Please retype the line that contains "1 x Lego System" and all lines that follow it to the end of the entries below, exactly as they stand, with nothing added.
+---+
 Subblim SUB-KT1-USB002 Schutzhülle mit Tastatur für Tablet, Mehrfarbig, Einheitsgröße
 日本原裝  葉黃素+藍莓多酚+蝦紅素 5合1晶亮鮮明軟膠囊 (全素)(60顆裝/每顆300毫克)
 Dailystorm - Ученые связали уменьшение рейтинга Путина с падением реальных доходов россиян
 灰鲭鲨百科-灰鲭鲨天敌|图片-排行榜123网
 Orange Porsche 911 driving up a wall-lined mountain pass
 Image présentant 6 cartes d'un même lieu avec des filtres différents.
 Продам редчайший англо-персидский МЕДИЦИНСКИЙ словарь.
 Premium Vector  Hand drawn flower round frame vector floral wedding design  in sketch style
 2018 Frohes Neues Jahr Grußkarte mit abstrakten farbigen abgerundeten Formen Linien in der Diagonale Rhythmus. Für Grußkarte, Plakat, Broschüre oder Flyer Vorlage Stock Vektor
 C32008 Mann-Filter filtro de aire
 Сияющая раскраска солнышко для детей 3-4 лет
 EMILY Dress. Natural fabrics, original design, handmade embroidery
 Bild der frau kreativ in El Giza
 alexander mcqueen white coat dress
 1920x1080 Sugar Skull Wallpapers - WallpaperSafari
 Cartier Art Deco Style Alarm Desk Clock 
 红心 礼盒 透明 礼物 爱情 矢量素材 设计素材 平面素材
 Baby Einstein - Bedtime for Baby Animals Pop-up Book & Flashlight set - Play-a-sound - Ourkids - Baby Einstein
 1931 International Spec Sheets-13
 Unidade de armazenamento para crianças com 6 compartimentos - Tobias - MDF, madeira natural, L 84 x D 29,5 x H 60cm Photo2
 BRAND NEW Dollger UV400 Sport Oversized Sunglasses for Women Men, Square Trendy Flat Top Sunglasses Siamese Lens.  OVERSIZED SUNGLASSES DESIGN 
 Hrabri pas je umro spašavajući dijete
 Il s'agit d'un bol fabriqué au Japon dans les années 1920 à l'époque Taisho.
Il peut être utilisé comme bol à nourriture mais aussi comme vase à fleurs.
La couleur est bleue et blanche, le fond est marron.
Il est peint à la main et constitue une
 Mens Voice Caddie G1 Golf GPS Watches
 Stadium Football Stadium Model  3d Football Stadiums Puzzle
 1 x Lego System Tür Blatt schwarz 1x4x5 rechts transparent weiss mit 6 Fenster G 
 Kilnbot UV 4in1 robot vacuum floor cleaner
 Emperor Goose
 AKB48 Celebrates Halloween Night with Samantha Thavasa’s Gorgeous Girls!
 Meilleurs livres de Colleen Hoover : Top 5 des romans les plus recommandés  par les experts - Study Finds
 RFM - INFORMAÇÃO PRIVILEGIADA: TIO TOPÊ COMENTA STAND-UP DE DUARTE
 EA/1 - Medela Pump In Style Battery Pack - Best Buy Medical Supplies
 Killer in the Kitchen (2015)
+---+
▶ Answer section
 1 x Lego System Tür Blatt schwarz 1x4x5 rechts transparent weiss mit 6 Fenster G 
 Kilnbot UV 4in1 robot vacuum floor cleaner
 Emperor Goose
 AKB48 Celebrates Halloween Night with Samantha Thavasa’s Gorgeous Girls!
 Meilleurs livres de Colleen Hoover : Top 5 des romans les plus recommandés  par les experts - Study Finds
 RFM - INFORMAÇÃO PRIVILEGIADA: TIO TOPÊ COMENTA STAND-UP DE DUARTE
 EA/1 - Medela Pump In Style Battery Pack - Best Buy Medical Supplies
 Killer in the Kitchen (2015)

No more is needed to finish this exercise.